Christensen’s work is centered around a concept of “disruption.” His basic argument is that “disruptive” technologies emerge that allow competitors to enter (or create) markets where industry leaders previously didn’t compete (for low profitability reasons, usually). As these new competitors build expertise, they move upmarket and slowly erode the industry leaders’ market, eventually supplanting them. Examples abound and he talks a little about the steel, electronics, computer and education industries in this book; he’s written other books entirely on this subject. To me, the most interesting part of his discussion on “disruption” is the organization dynamic that prevents most market leaders from re-organizing in order to compete with the new competitors/technologies. He also identifies the components necessary to enable disruption – a new technology (or application thereof), a cost-effective (usually low-cost) business model and infrastructure necessary to supply the new business entity (new technologies and business models cannot “plug and play” into the old business model – or else risk failure). Whenever possible (and it is often), the author cites examples from healthcare.

After Christensen argues that medicine is really three different types of businesses/operations and outlines his vision of “disruption,” he postulates that each will try to disrupt the other (or new entities will emerge that will do the disrupting). For example, as organizations that work in the first (process-oriented) model take patients from the traditional physician office, those “traditional” physicians will begin to develop ways to take business from the “solution shops” – examples abound (ultrasound equipment in cardiologists offices, point of care lab testing devices in family doctors’ offices, etc.) – in those cases, the primary care physician becomes a “solution shop” and is paid on a fee for service basis instead.

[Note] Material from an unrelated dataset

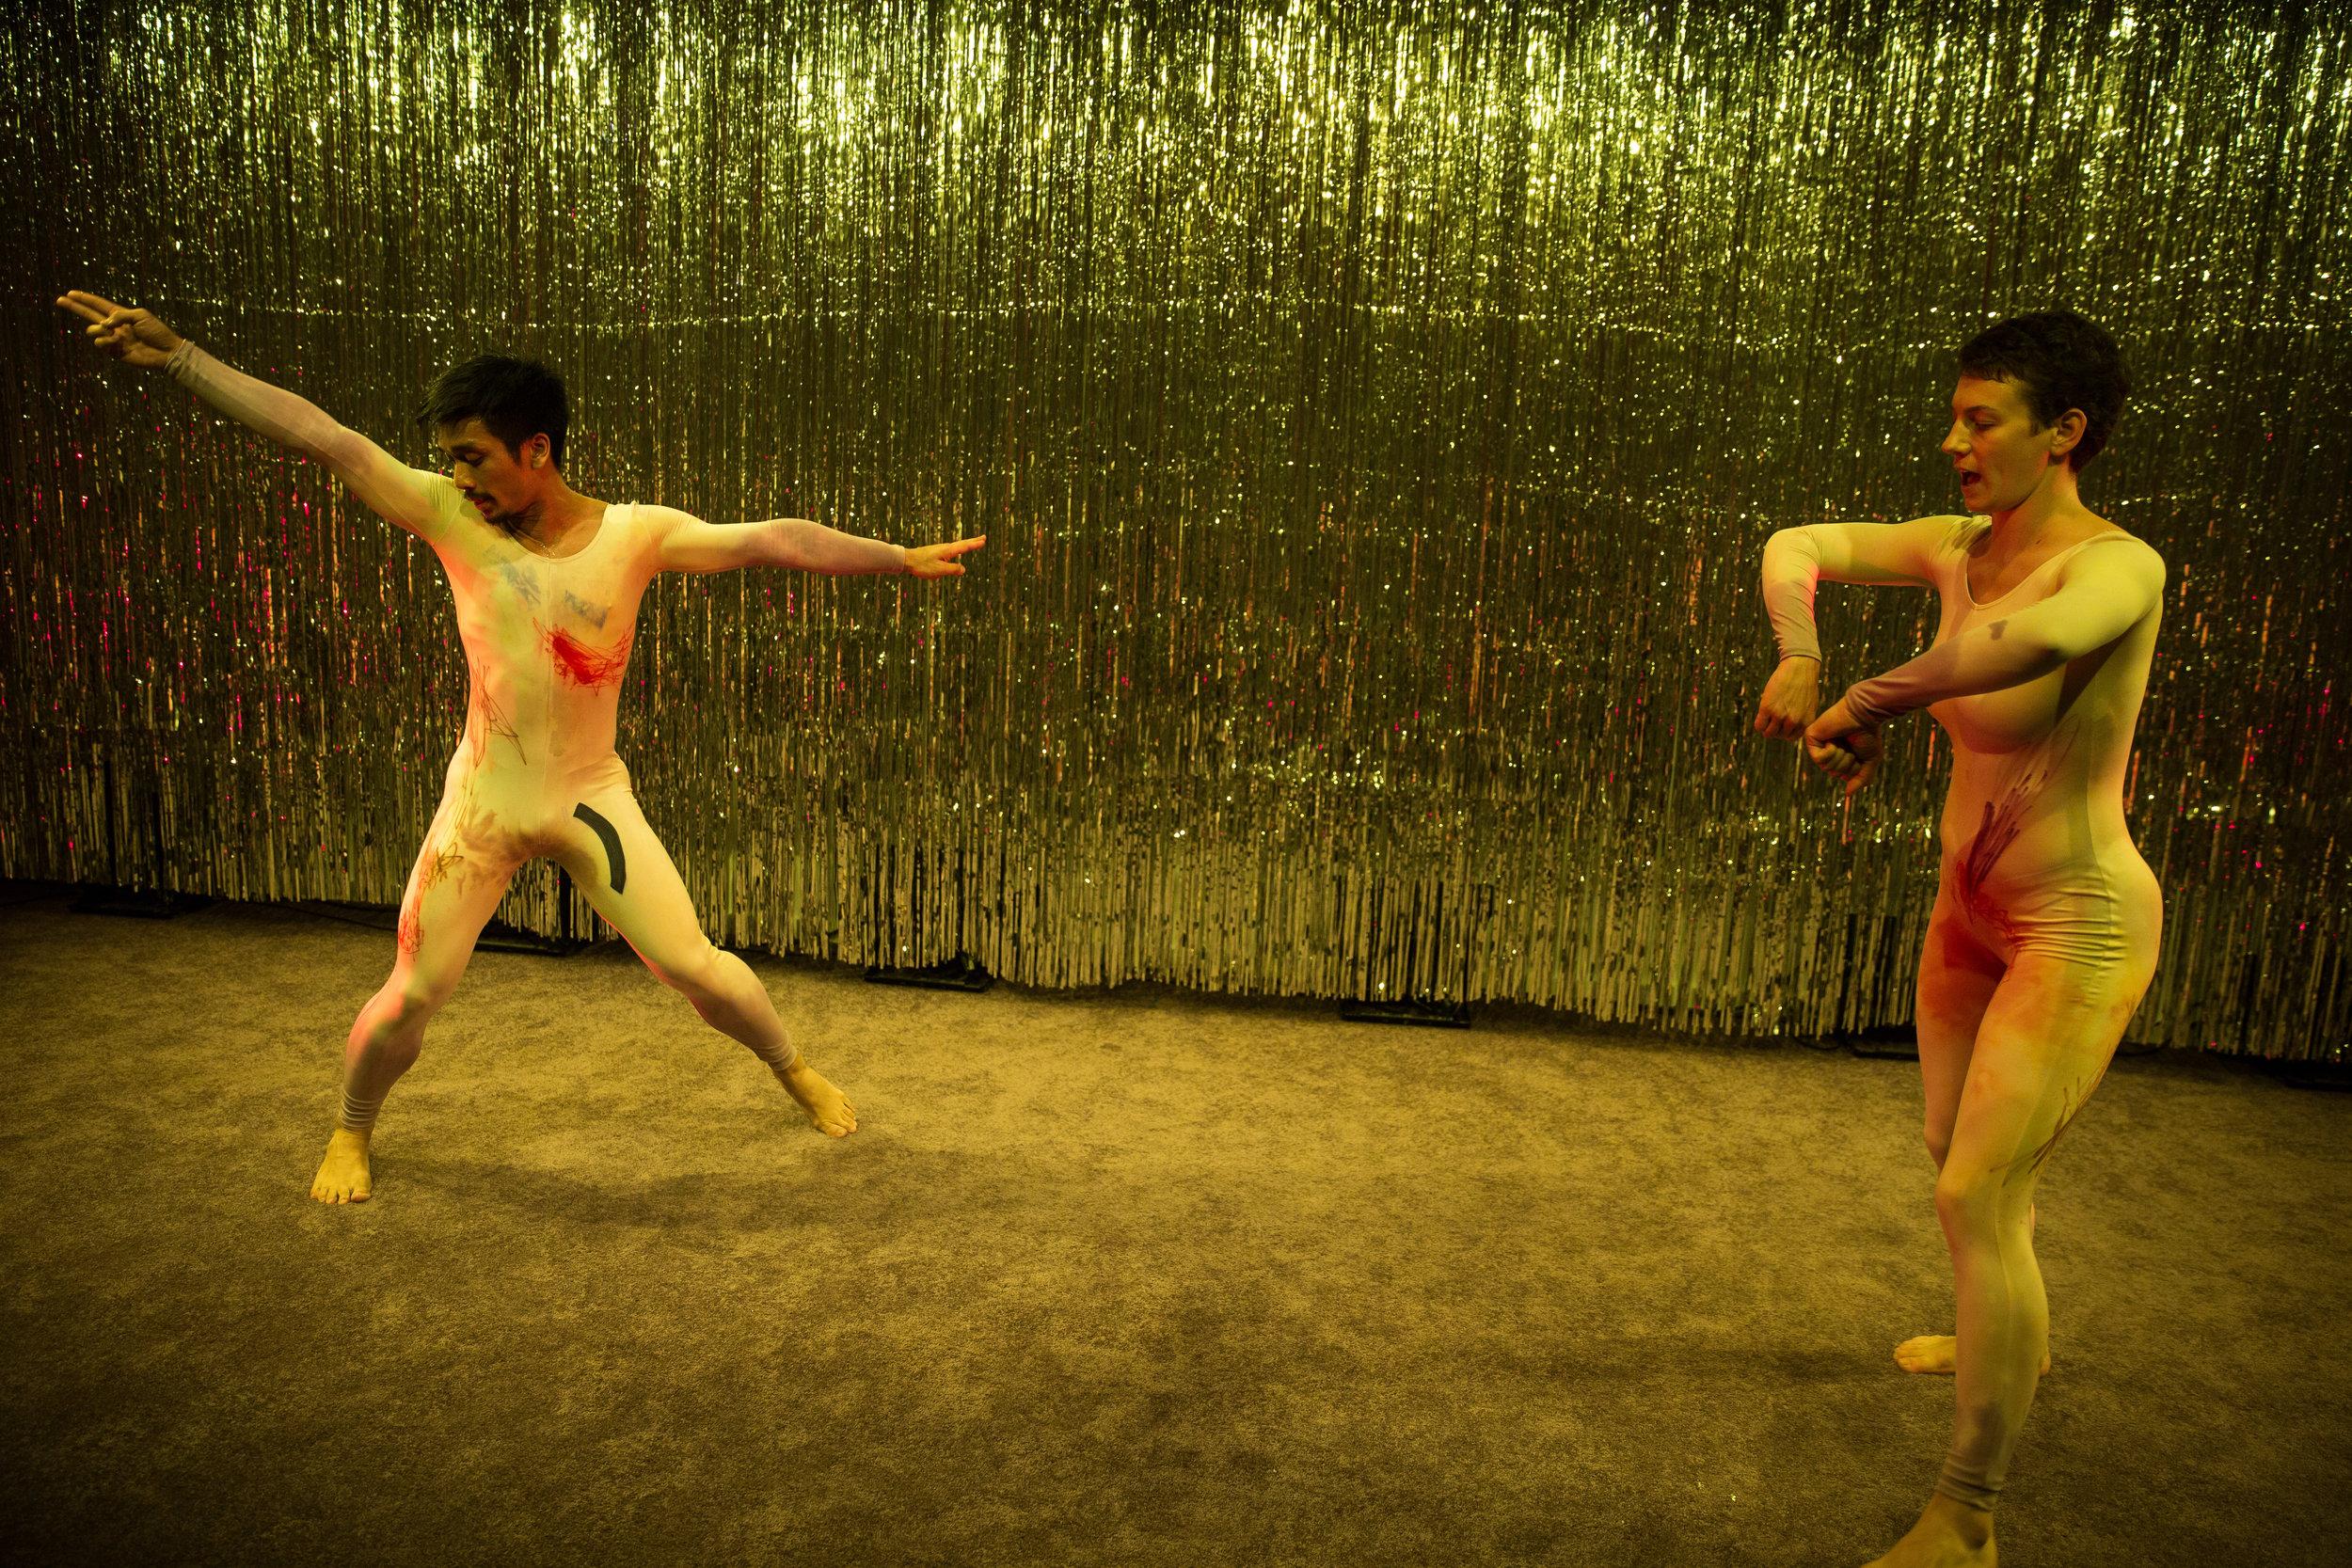 092017-MiriamGabriel&CarloAntonioVillanueva-Untitled(DuetinA)-byScottShaw-15.jpg

Healthcare is complicated by a non-market driven (my opinion) compensation system (the Centers for Medicare and Medicaid Services, CMS, sets the pricing for services and the insurance companies fall in line). Most everything is paid for on a “fee for service” basis, much of which is independent of outcomes. The more “stuff” that a doctor does, the more he/she gets paid (as long as that “stuff” is on the fee schedule). This means more interventions (not fewer) and only those interventions that can get compensated. Who are we to blame? Not the physicians – they are acting as anyone else would in a similar situation - they are incentivized to do those things which provide the most compensation.

One model for a new payment system is a single payment for each patient for all future care. Providers of care for that patient will have to work within a fixed payment stream. The more efficiently they provide service, the more money they will make. Where are the incentives now? To provide less care (naturally, outcomes will also be monitored in order to prevent abuse). Which organizations will profit most? Those that are integrated and can organize their internal operations to move patients through in an efficient, cost-effective, high-quality manner. This means that surgeons, internal medicine doctors, radiologists, pathologists, nurses, etc.) will all be part of the same organization. Accountable Care Organizations may be able to get this done.

Christensen also tackles the medical education system, pharmaceuticals (a very interesting section, indeed) and medical devices. The book is well-written, accessible and persuasive. In addition to discussing the myriad problems in our health system, it offers a path for a solution. If you are interested in the state of affairs of the U.S. healthcare system in the early 21st century and wish to learn a little about Christensen’s vision of “disruption,” then this book is for you.